Saturday, January 24, 2009

SHAZAM

SHAZAM: Solomon, Hercules, Atlas, Zeus, Achilles, Mercury.

I have fond reminiscences of childhood hours spent watching truly terrible cartoons on VHS tapes, among them, Shazam! (yes, the exclamation point is part of the official name--perhaps the inspiration for a certain soon-to-be relic of a search engine?). But today I learned something new, browsing the legitimately LOL-worthy* cracked.com [H.T. Marginal Revolution]:
The origin of Shazam! is that young Billy Batson, a 12-year-old homeless newsboy, follows a mysterious stranger into a secret subway tunnel and boards an empty train that takes him to the lair of a wizard who gives him the secret word "Shazam!" The word is an acronym for Solomon, Hercules, Atlas, Zeus, Achilles and Mercury who all lend their respective powers to whoever yells the word with the least amount of shame.

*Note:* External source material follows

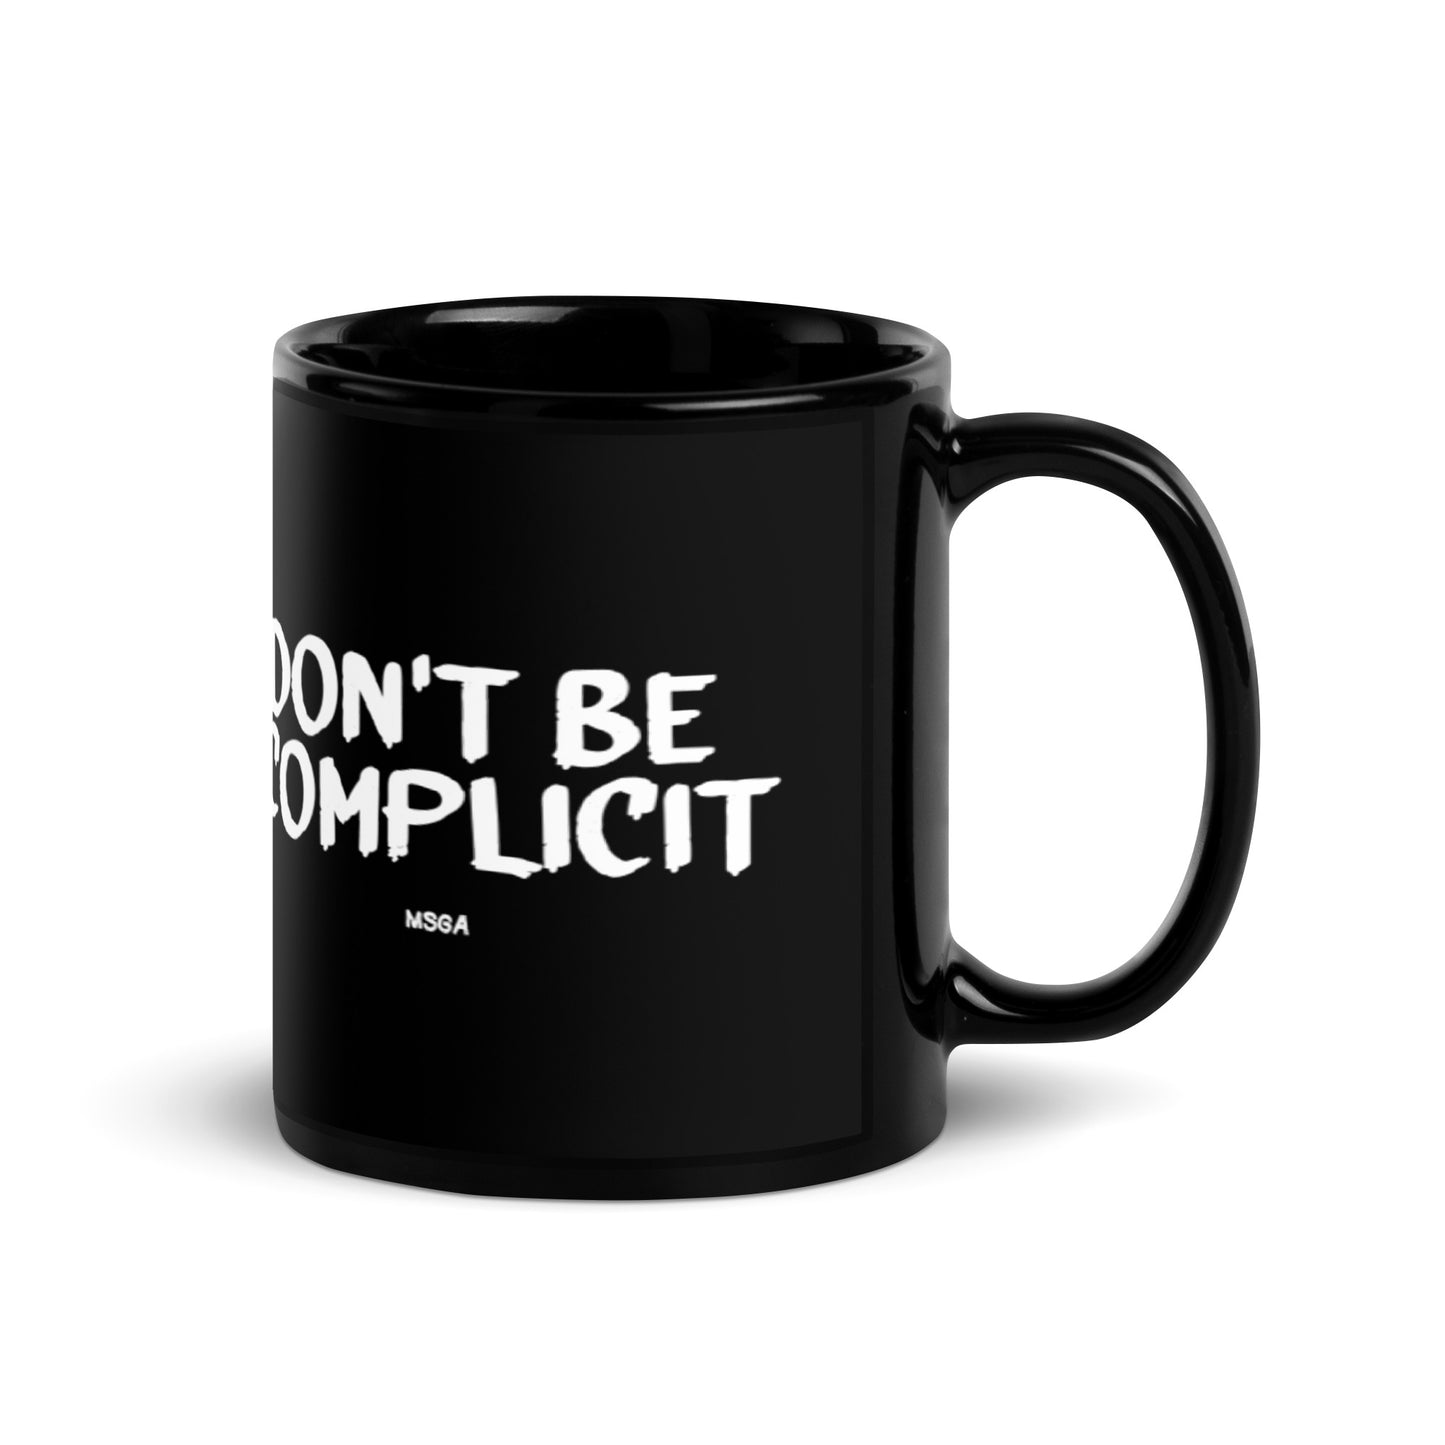 Don't Be Complicit Black Mug - Make Snitching Great Again
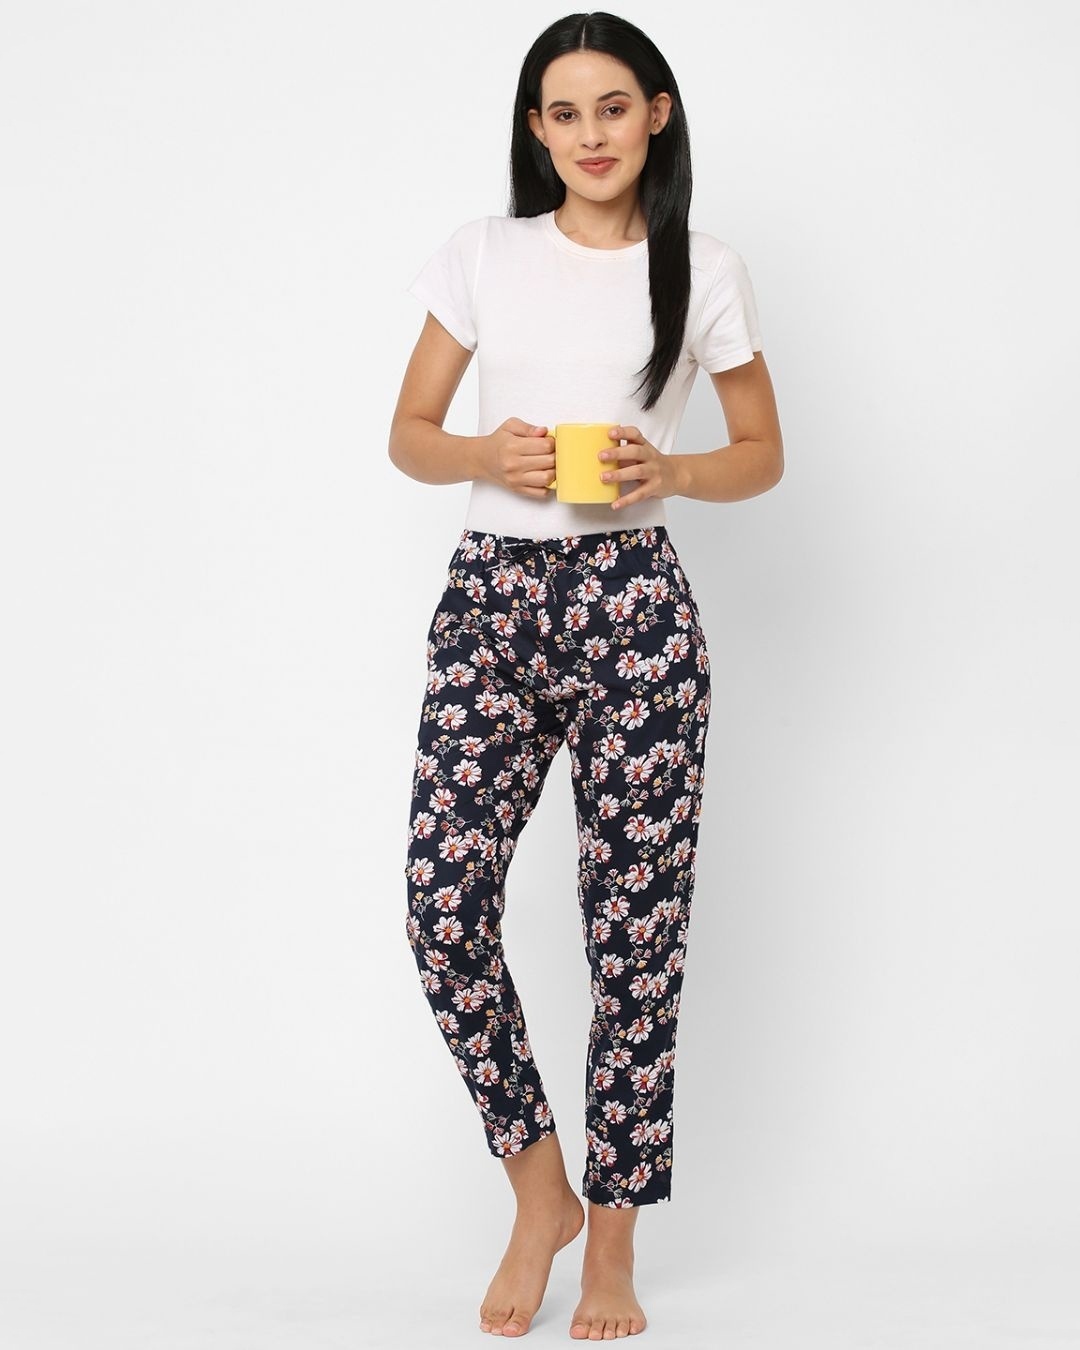 Shop Women's Blue All Over Floral Printed Cotton Lounge Pants

Yes, you've read correctly, Captain Marvel in all of that skin-tight clothing, with his rippled muscles and dangling package is actually a 12-year-old boy who, thanks to a secret magic word he learned only by talking to strangers and following them into abandoned subway tunnels, has the amazing ability to instantly transform into the legal age of consent.
But although Mercury is included in this list, it is another hero who doth receive his gifts. This was the Sub-Mariner--also in our excellent collection--of whom Cracked writes, worthy of a quote in full:

Namor was the bastard offspring of a ship's captain and a member of a secret undersea race. We might be tempted to call him a mermaid, but the comic book insists he is technically "Homo Mermanus." A piece of advice for budding comic book writers, if you'd like to avoid cheap gay jokes at your hero's expense, perhaps including the words "homo" and "anus" in your character's scientific classification is a bad idea.

Namor has pointy Spock ears, can communicate with aquatic life, breathe underwater, possesses an enhanced physique to deal with the high pressure depths and, of course, has the obligatory tiny wings on his ankles that enable him to fly.

What's that you say? That last one seems a little out of place? Why would an aquatically themed superhero flit about on delicate little calf-wings? According to the creators: Fuck you, that's why.

*I laughed out loud, many times. Does that pardon of such a delightfully corny expression? No, no it certainly does not.